“Prodigal Summer” is like a hike in the woods with a science teacher at your side. Make that a biology teacher. There’s a whole lot of mating and propagation going on here—from moths to goats and, oh yes, humans. I love Kingsolver’s brand. Yes, I think she’s got a brand. I think she shot up out of the mud and rock, pen in hand. I wonder if there’s an “earthier” writer going. Perhaps the most memorable scene in “Poisonwood Bible” (among many) was the ant attack. In “Animal, Vegetable, Miracle,” the chicken slaughtering sequence was violent and gripping at the same time. When Kingsolver writes something, you experience it in your whole body. “Prodigal Summer” rocks along about an inch off the ground. The book seems to be constantly looking in the cracks and folds of nature, or in the attics and closets and cupboards of houses and barns and cabins. That zooming-eye lens of hers. It can swoop in on the smallest detail and make it pop out of the landscape, never losing the larger images moving across the page.
The “Prodigal Summer” plot and the characters seem to come right out of the stone and dirt. There are five main characters here – Deanna, Eddie, Lusa, Garnett and Nannie. The sixth is the rich setting. Or maybe the setting is number one.
With “Prodigal Summer,” in some cases, I think Kingsolver almost went into too much detail. The little bits and pieces of information being dropped by dialogue almost cluttered the plot and the characters. It’s a fine line. And that’s what I wonder: how do you know when it’s enough?
In “Prodigal Summer,” the constant detail about mammals and bugs and reptiles and their habitats, rituals, needs and mating was, well, just a bit endless. All the major characters seem to have too much knowledge—detailed knowledge. The information about every bird and goat and snake, layered in thick strands in a fairly rich and interesting plot, grew tiresome.

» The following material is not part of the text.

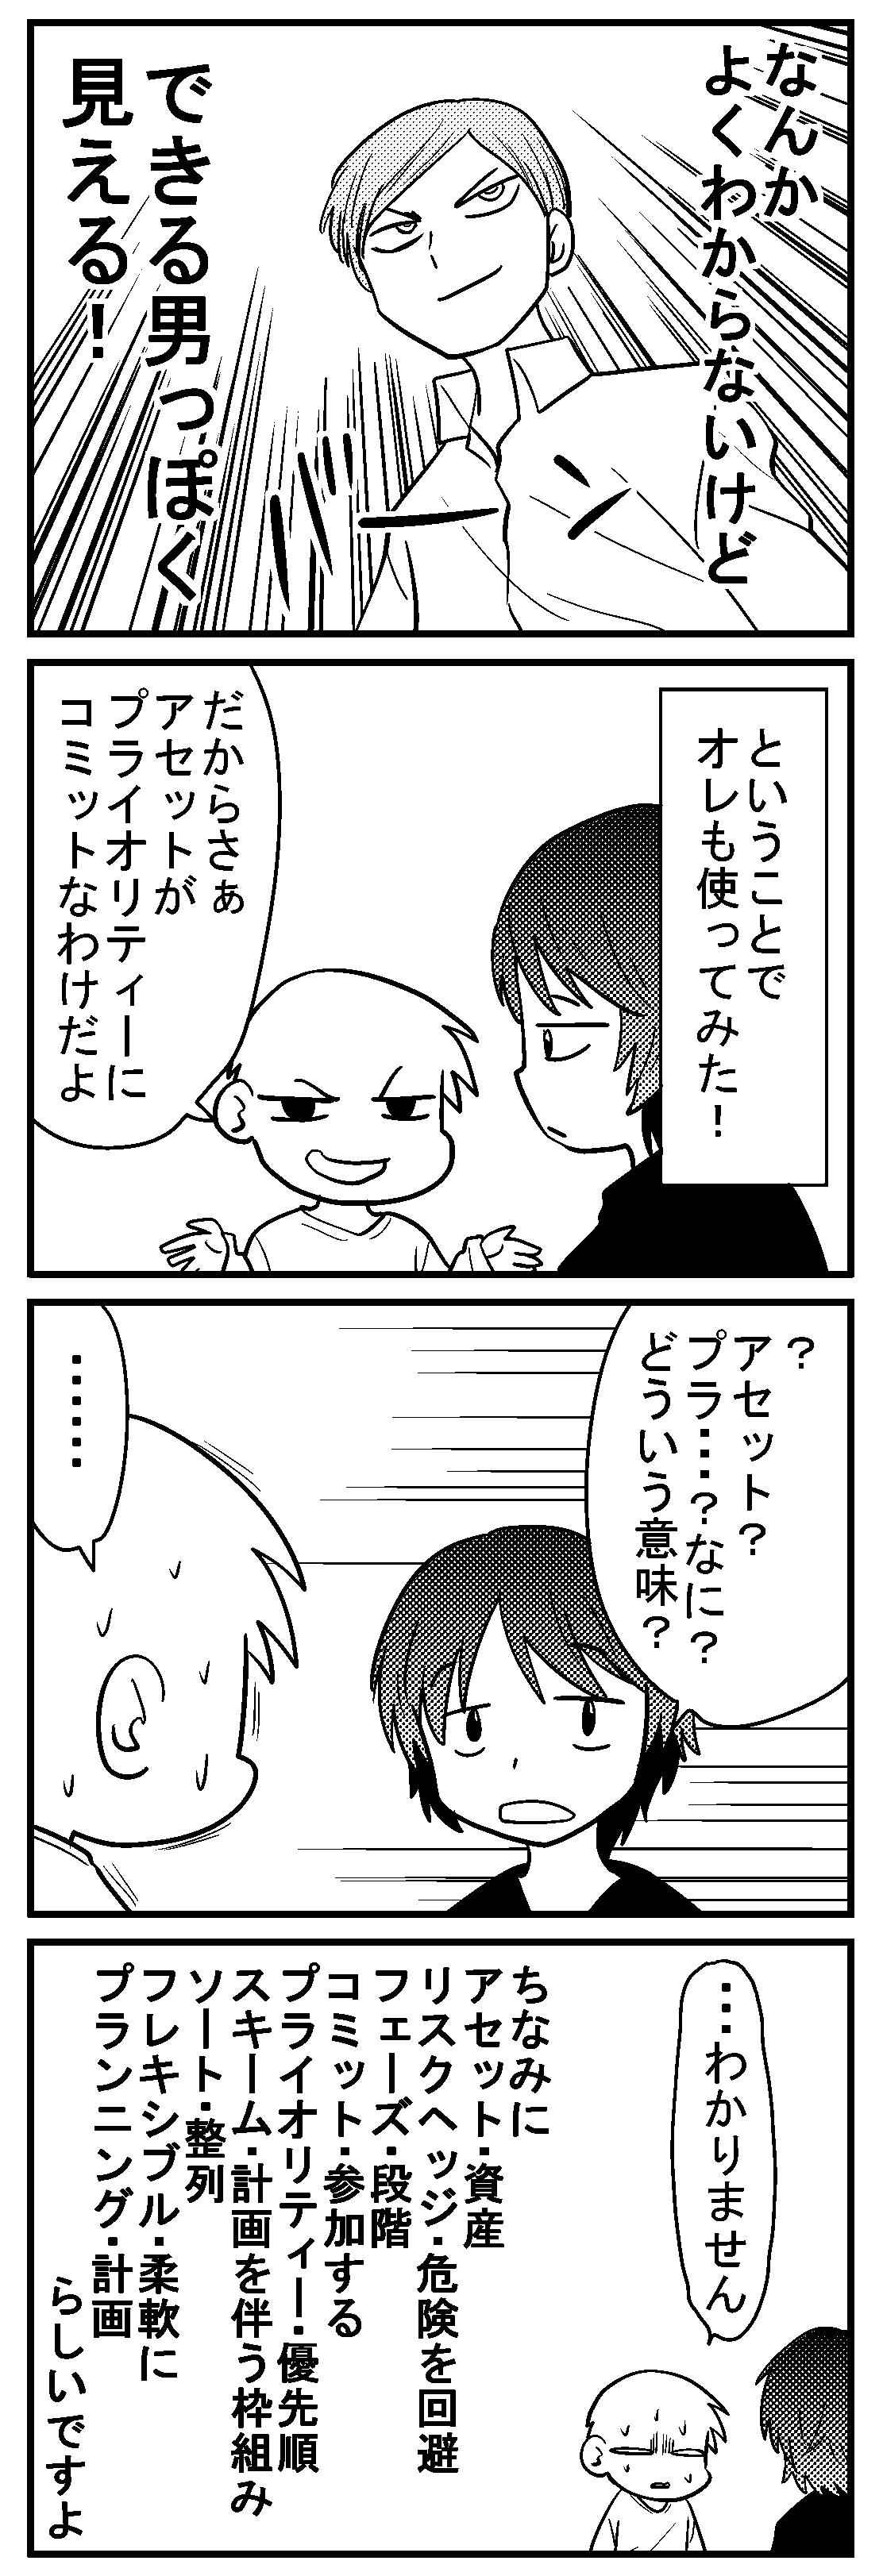 深読みくん31 4

Here’s an example. Deep into the book, Lusa is explaining about some vines. “This one’s nice, though; it’s supposed to grow here. It gets covered with white flowers at the end of summer, and then it makes millions of seedpods that look like little silver starbursts. It’s called virgin’s bower.” I think you could extract key detail from throughout “Prodigal Summer” and extract another book, “Barbara Kingsolver’s Fairly Random Guide To the Flora and Fauna Of Appalachia.”
I don’t mean to be disrespectful of Kingsolver, I’m just trying to give a flavor for the book. It is stunning how she created three distinct sets of characters and set the stories into motion. Loner Deanna might be most compelling and interesting, but she seemed too feisty and difficult for somebody who has been communing gently with nature. I enjoyed the crotchety relationship between Garnett & Nannie more. Their scenes were funny, touching and bitingly real—two neighbors with sharply contrasting views of the world and how it’s put together. Similarly, how Kingsolver peels back the friction between Cole and Lusa, and then shows Lusa’s struggles to overcome an entrenched family (some of the members of Cole’s extended family are extremely well drawn) is vivid and memorable.
“Prodigal Summer” is not subtle. You are in a whirlwind of intriguing characters, absorbing some terrific conversations, and amazed at the ability of a good writer to make characters leap from the page, fully realized. I just wish I could have removed the parts that made it feel like biology class.